— Exercise aim —
The lines to retype run from the one containing "Tea-image-from-rawpixel-id-449900-jpeg" through the end of the listing below. Reproduce them exactly, leaving out pictures.

— Collected data —
════════════════
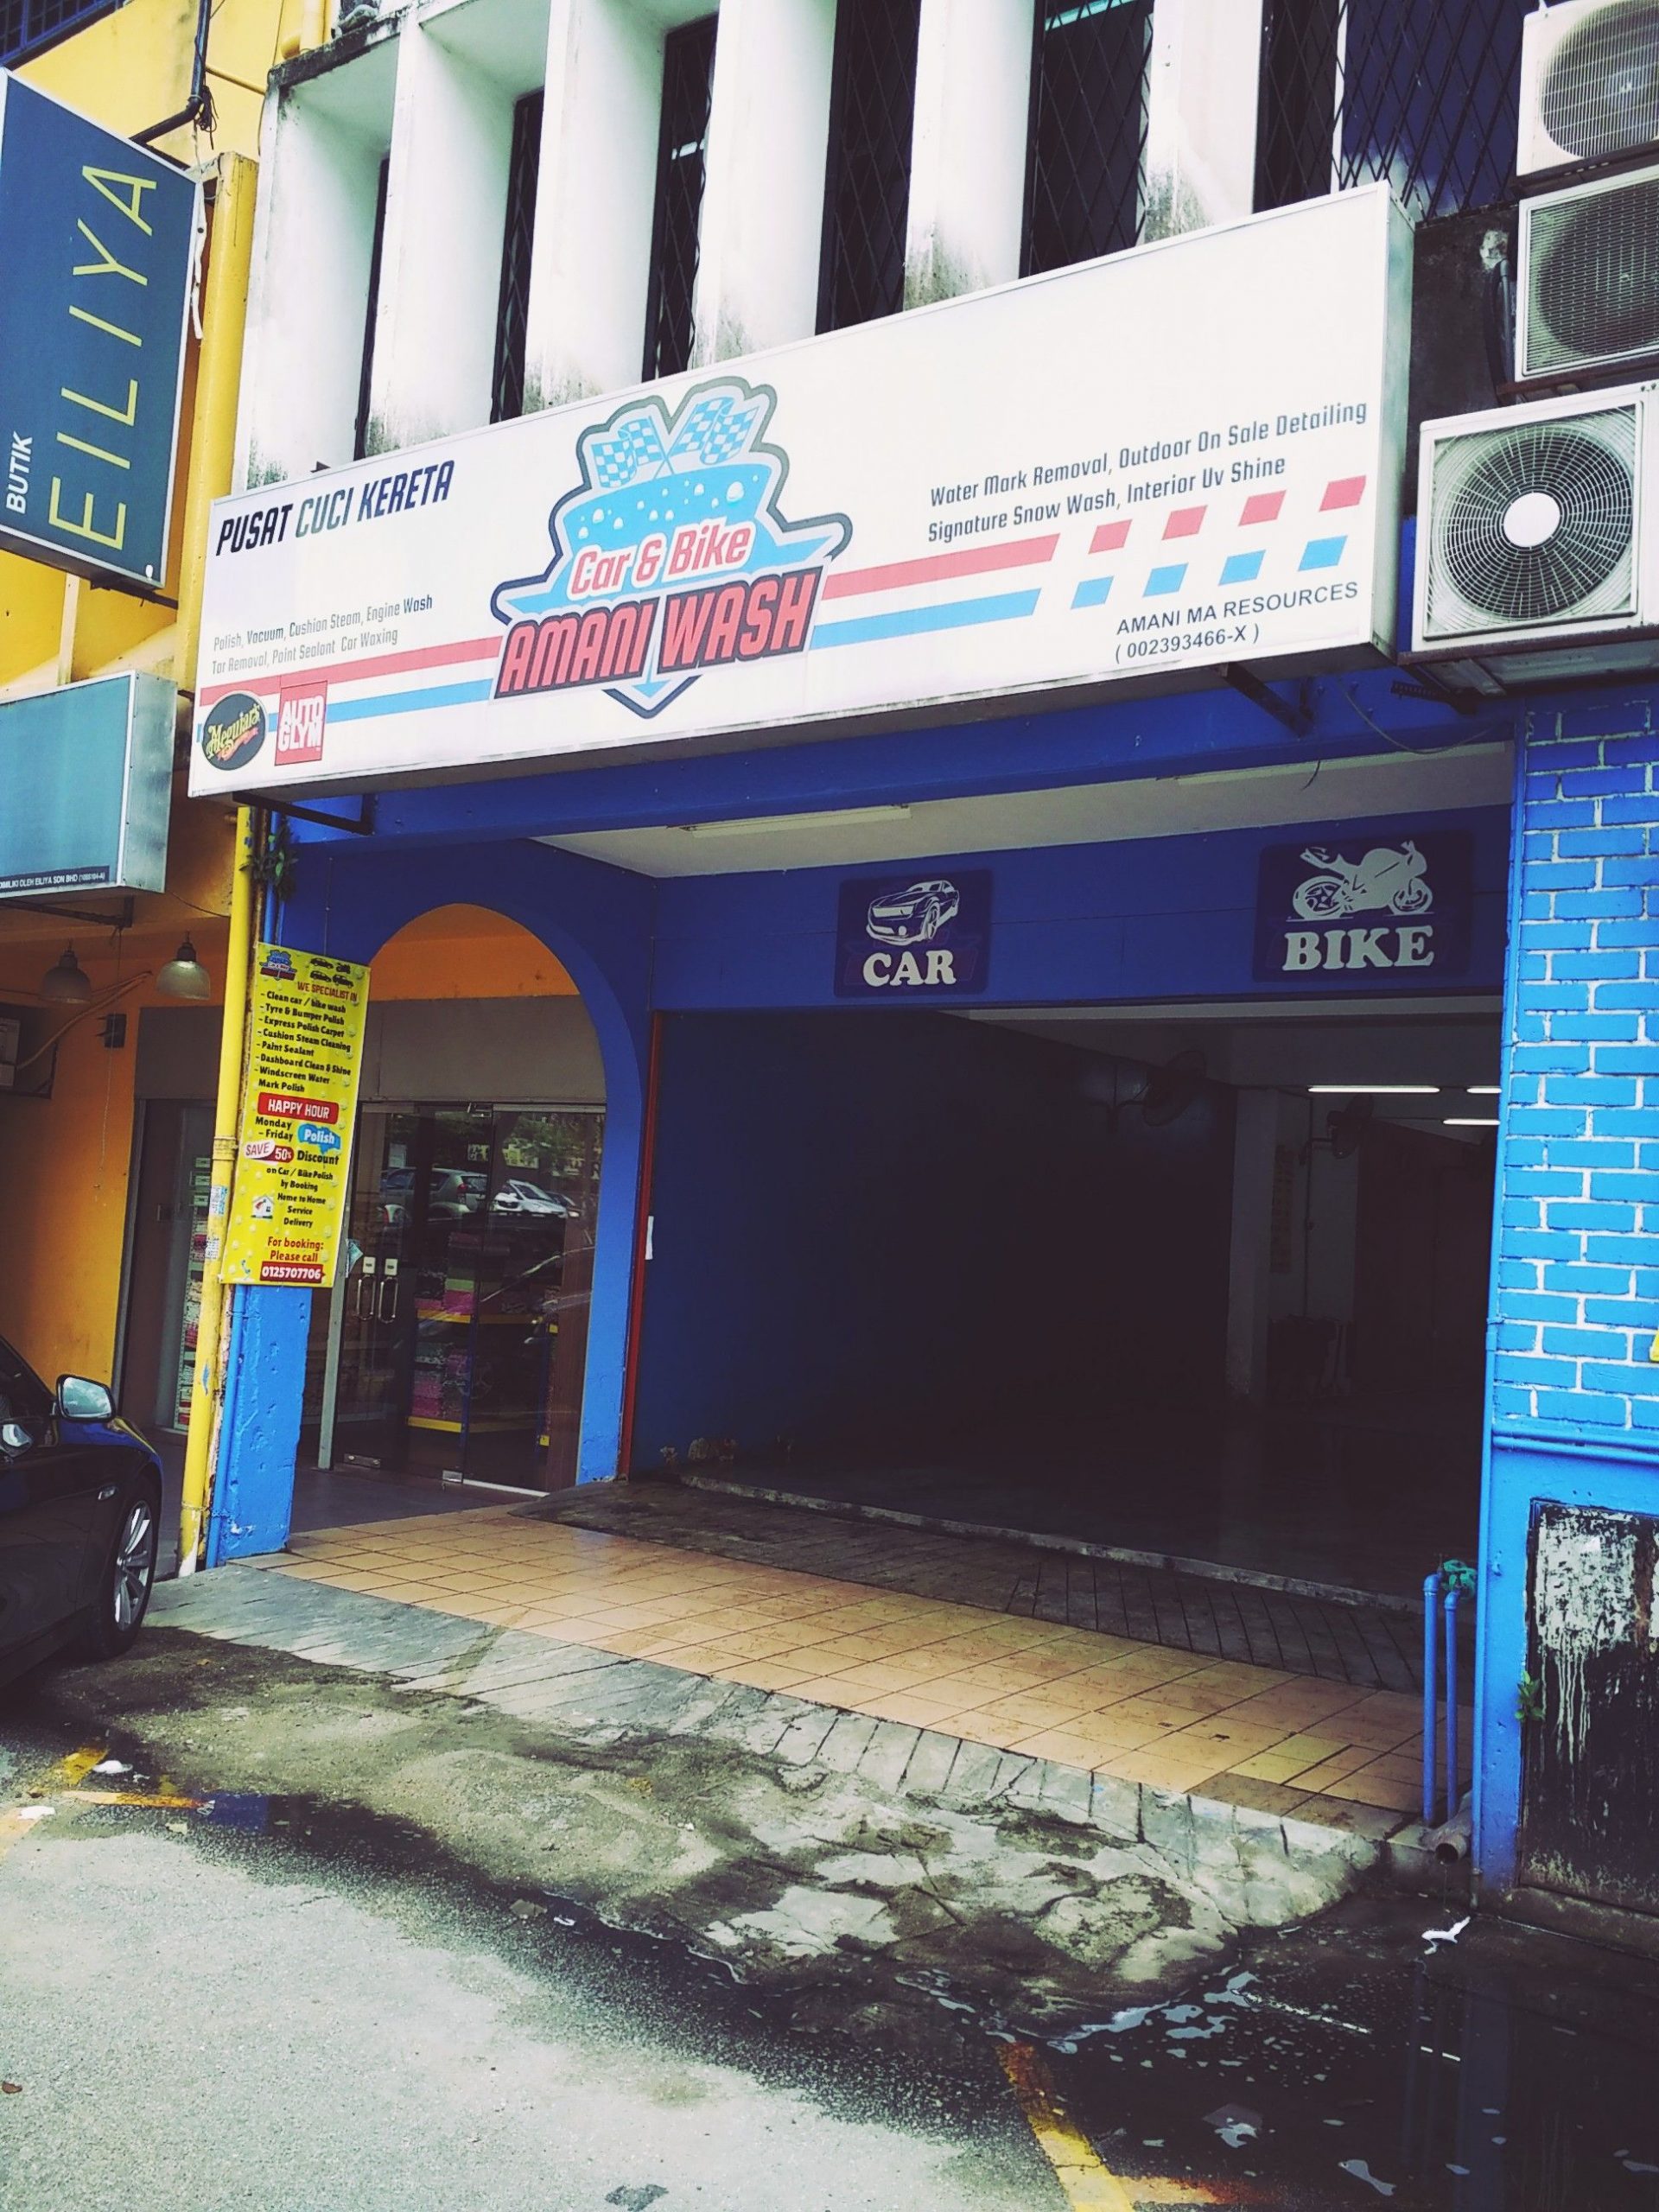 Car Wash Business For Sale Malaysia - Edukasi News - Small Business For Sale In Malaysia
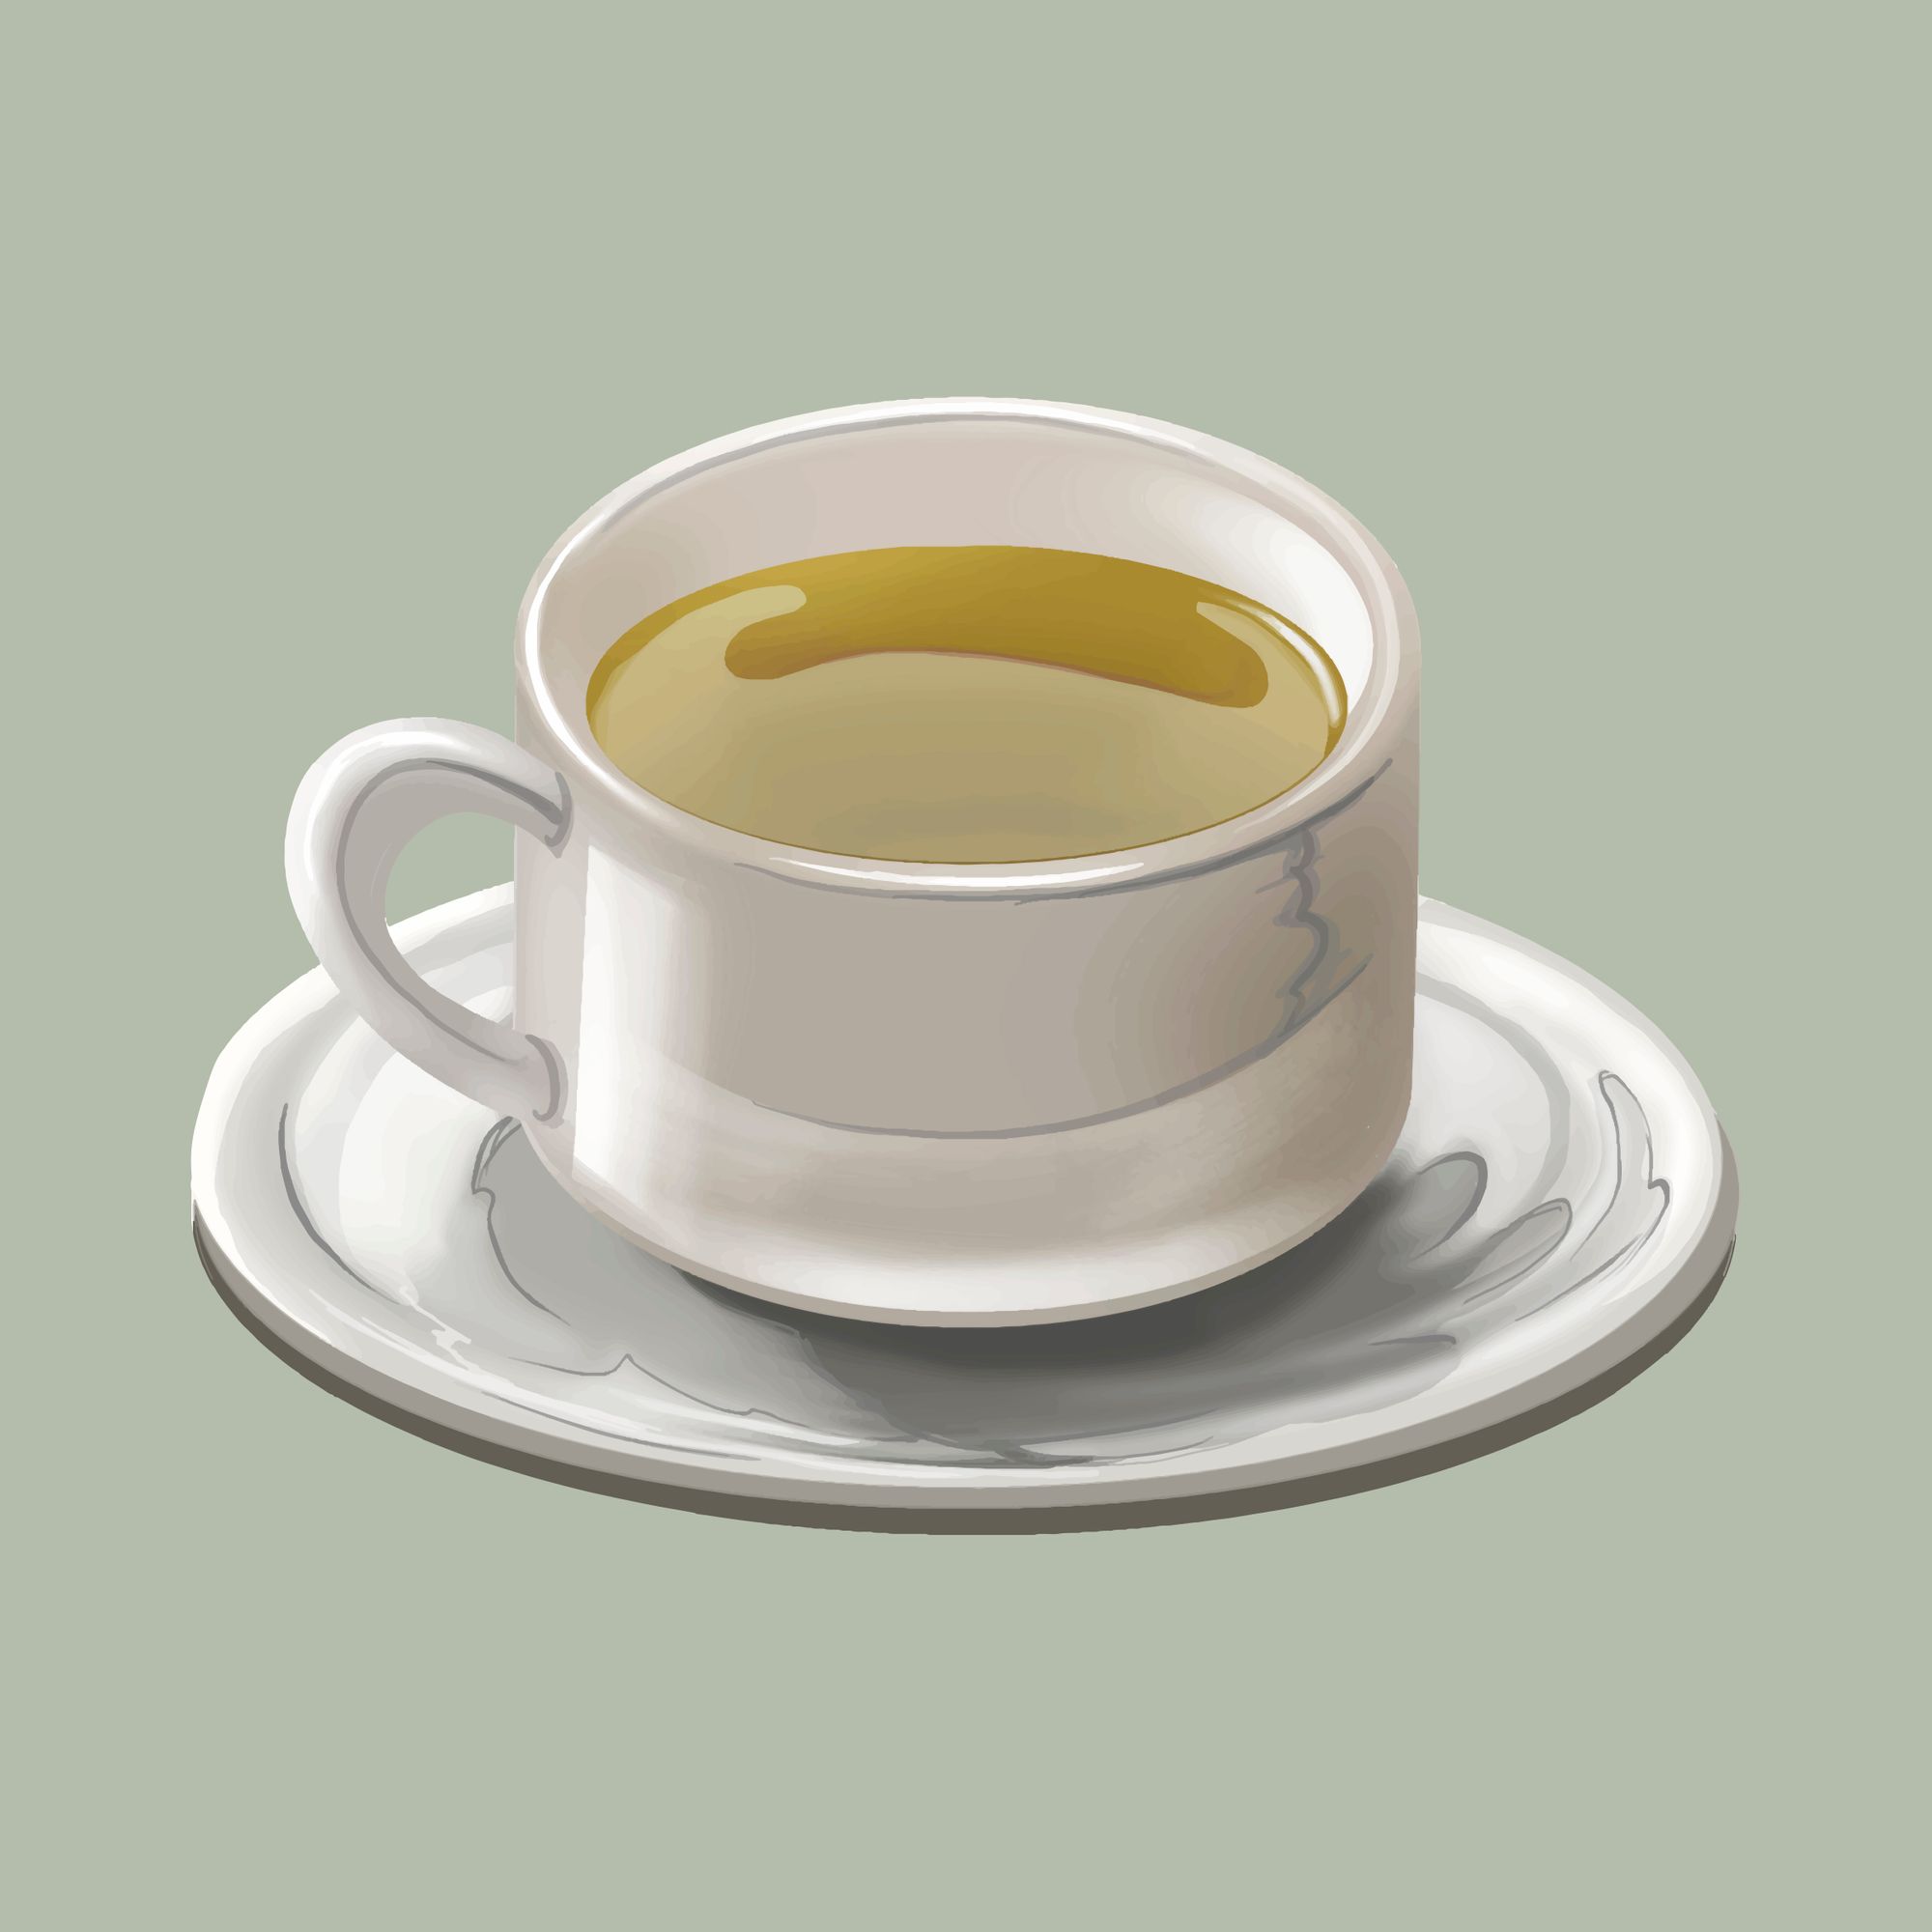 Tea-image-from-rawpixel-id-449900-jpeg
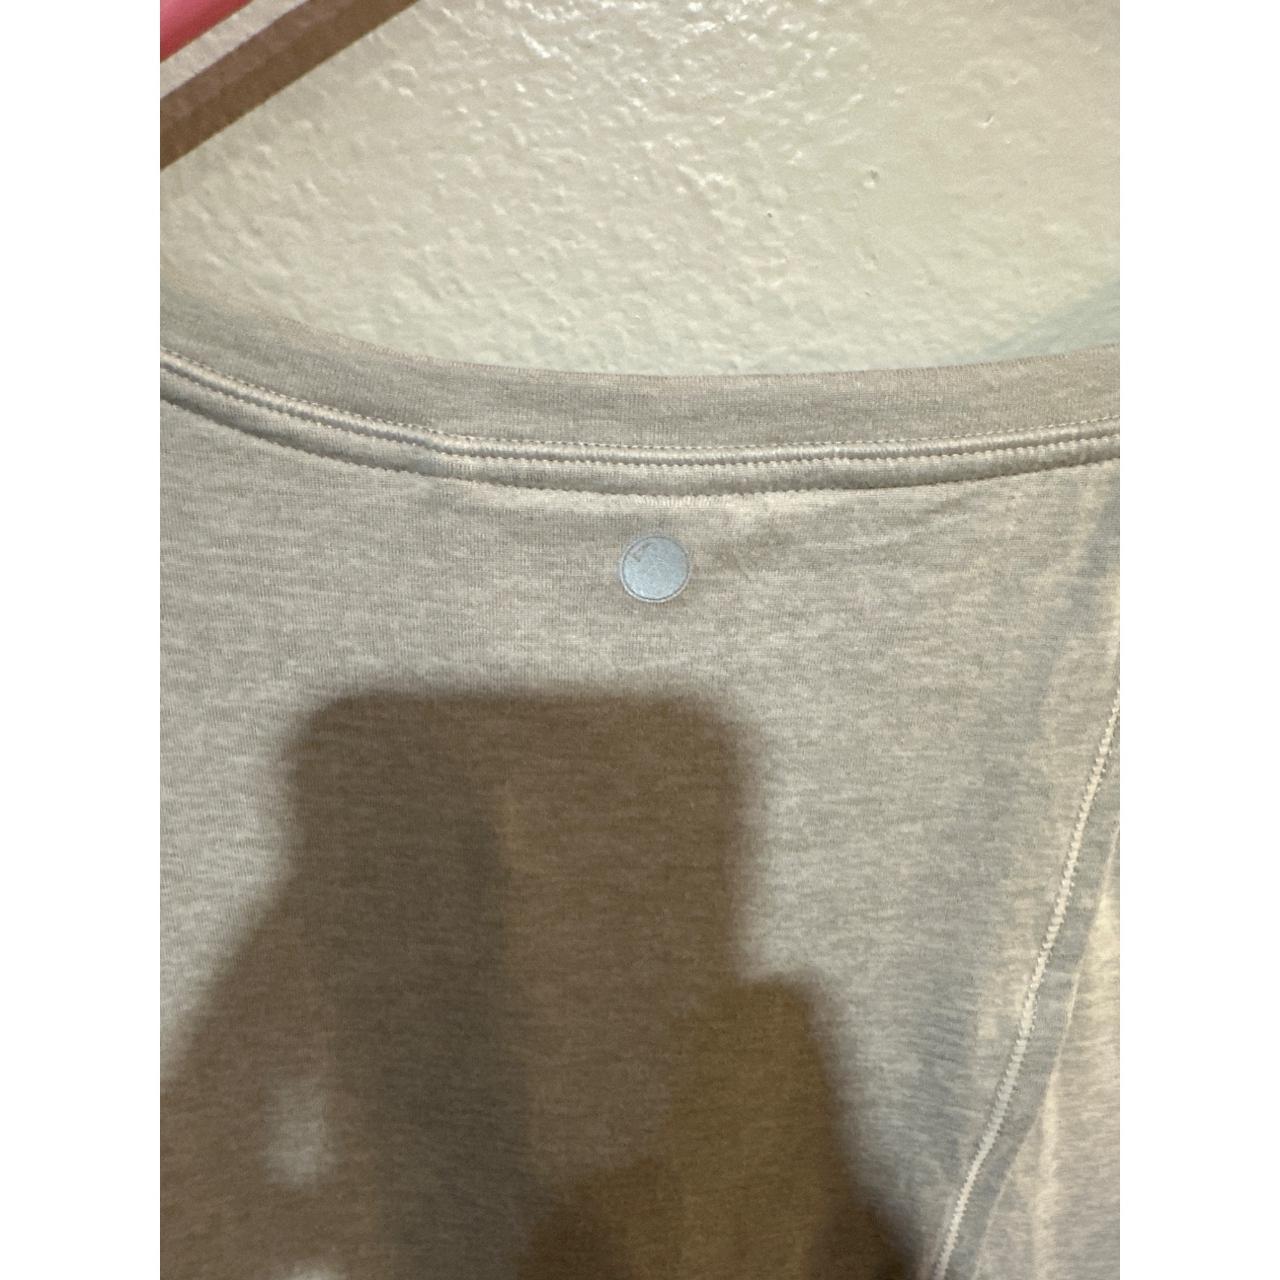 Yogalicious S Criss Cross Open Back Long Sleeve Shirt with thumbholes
════════════════
— Written response —
 Tea-image-from-rawpixel-id-449900-jpeg
 Yogalicious S Criss Cross Open Back Long Sleeve Shirt with thumbholes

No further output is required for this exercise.